### TASK PROMPT:
Nothing but the lines from the one with "Sarah jane 39" through the end of the material should be retyped, word for word and without pictures.

### SUPPLIED DATA:
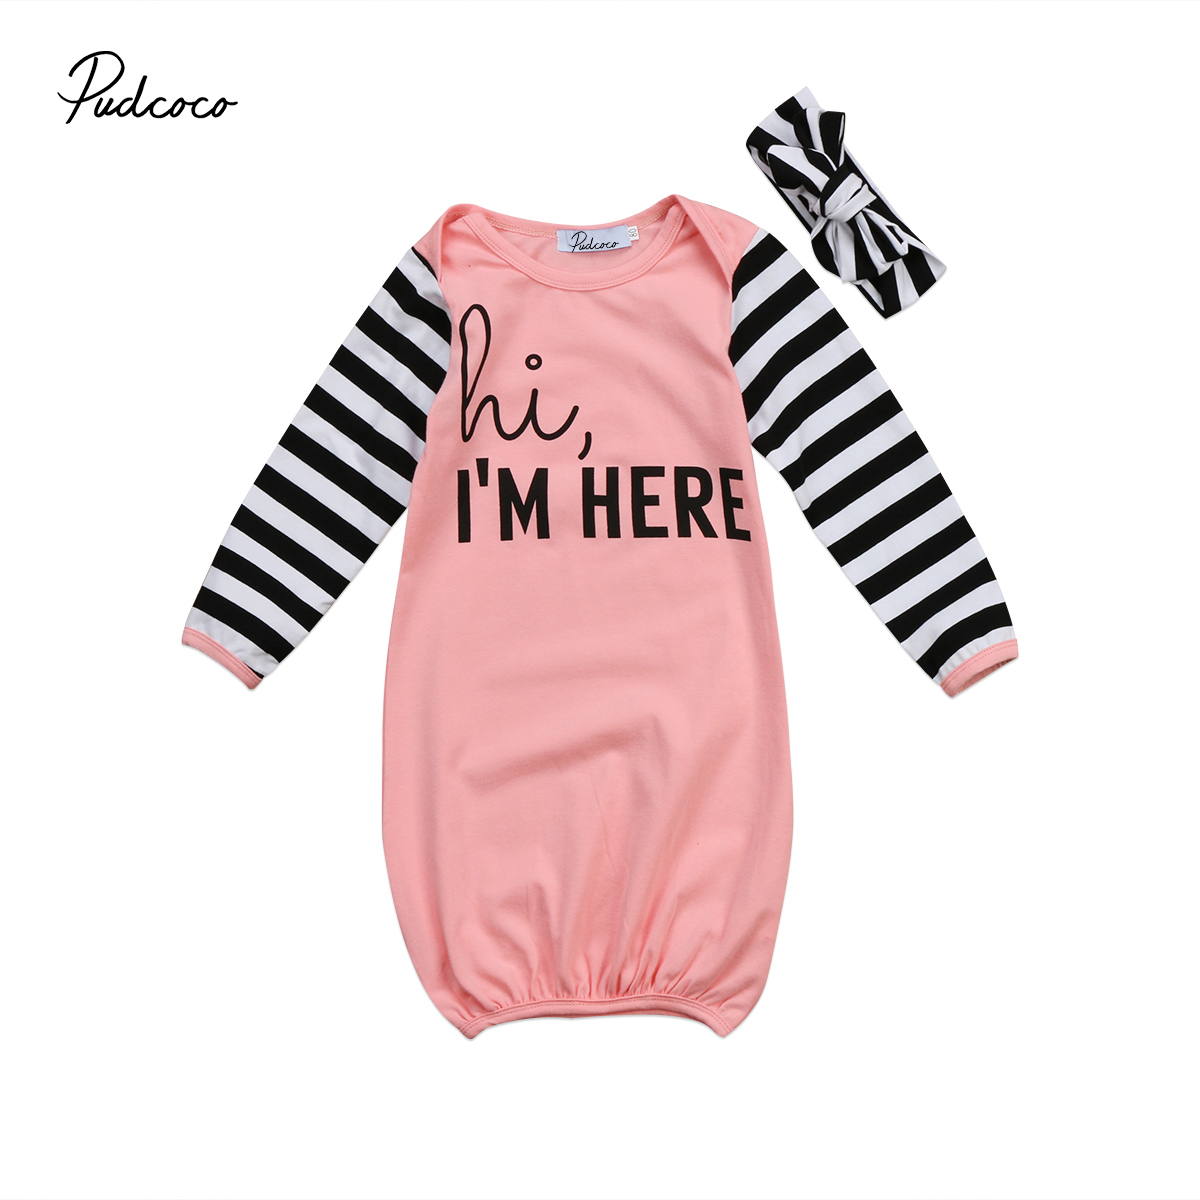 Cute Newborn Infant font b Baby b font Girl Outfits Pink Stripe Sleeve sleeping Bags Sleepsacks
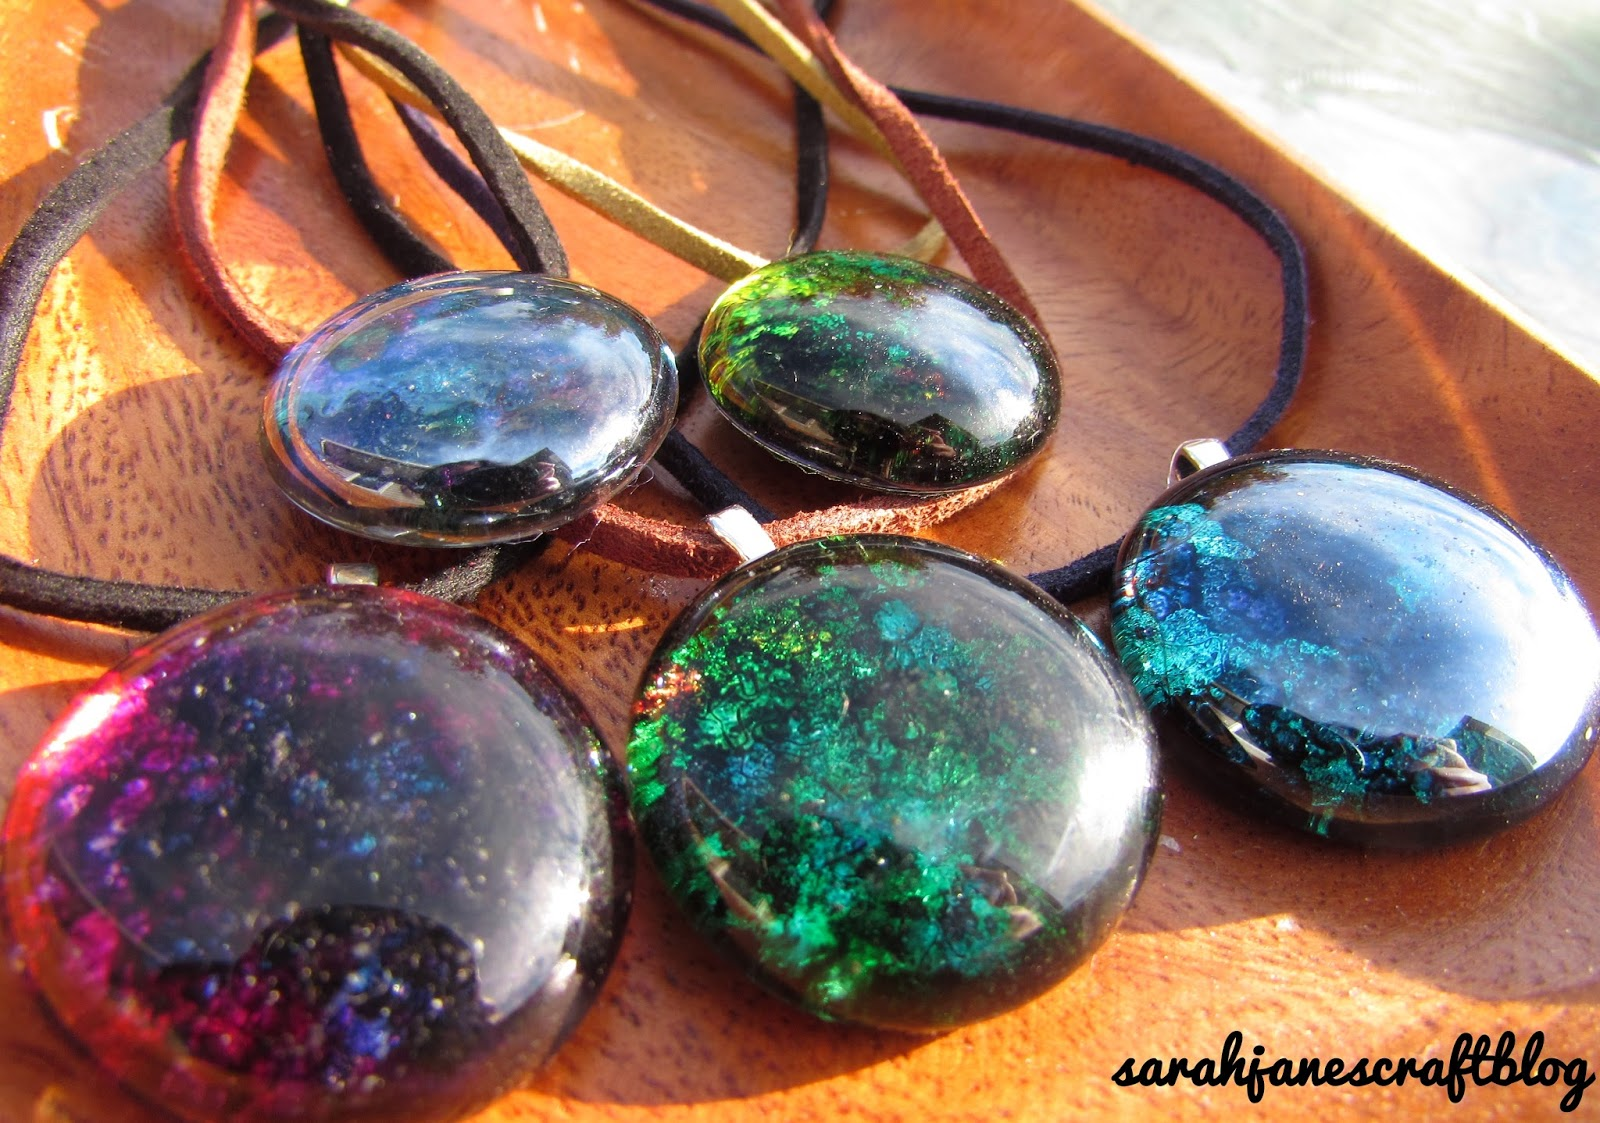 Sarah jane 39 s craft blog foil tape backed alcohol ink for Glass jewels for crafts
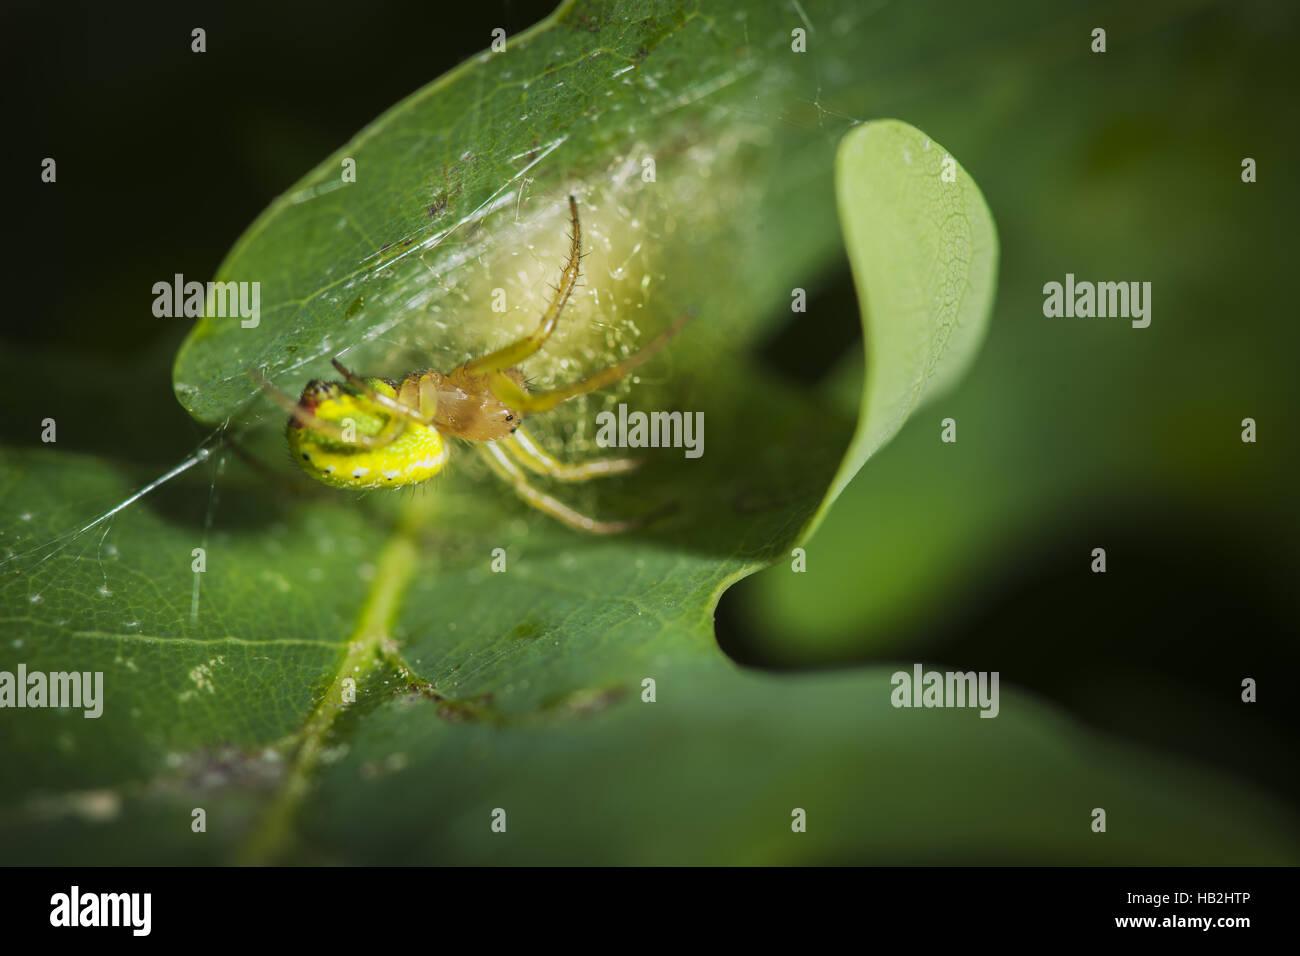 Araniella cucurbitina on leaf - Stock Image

### OUTPUT BELOW:
 Sarah jane 39 s craft blog foil tape backed alcohol ink for Glass jewels for crafts
 Araniella cucurbitina on leaf - Stock Image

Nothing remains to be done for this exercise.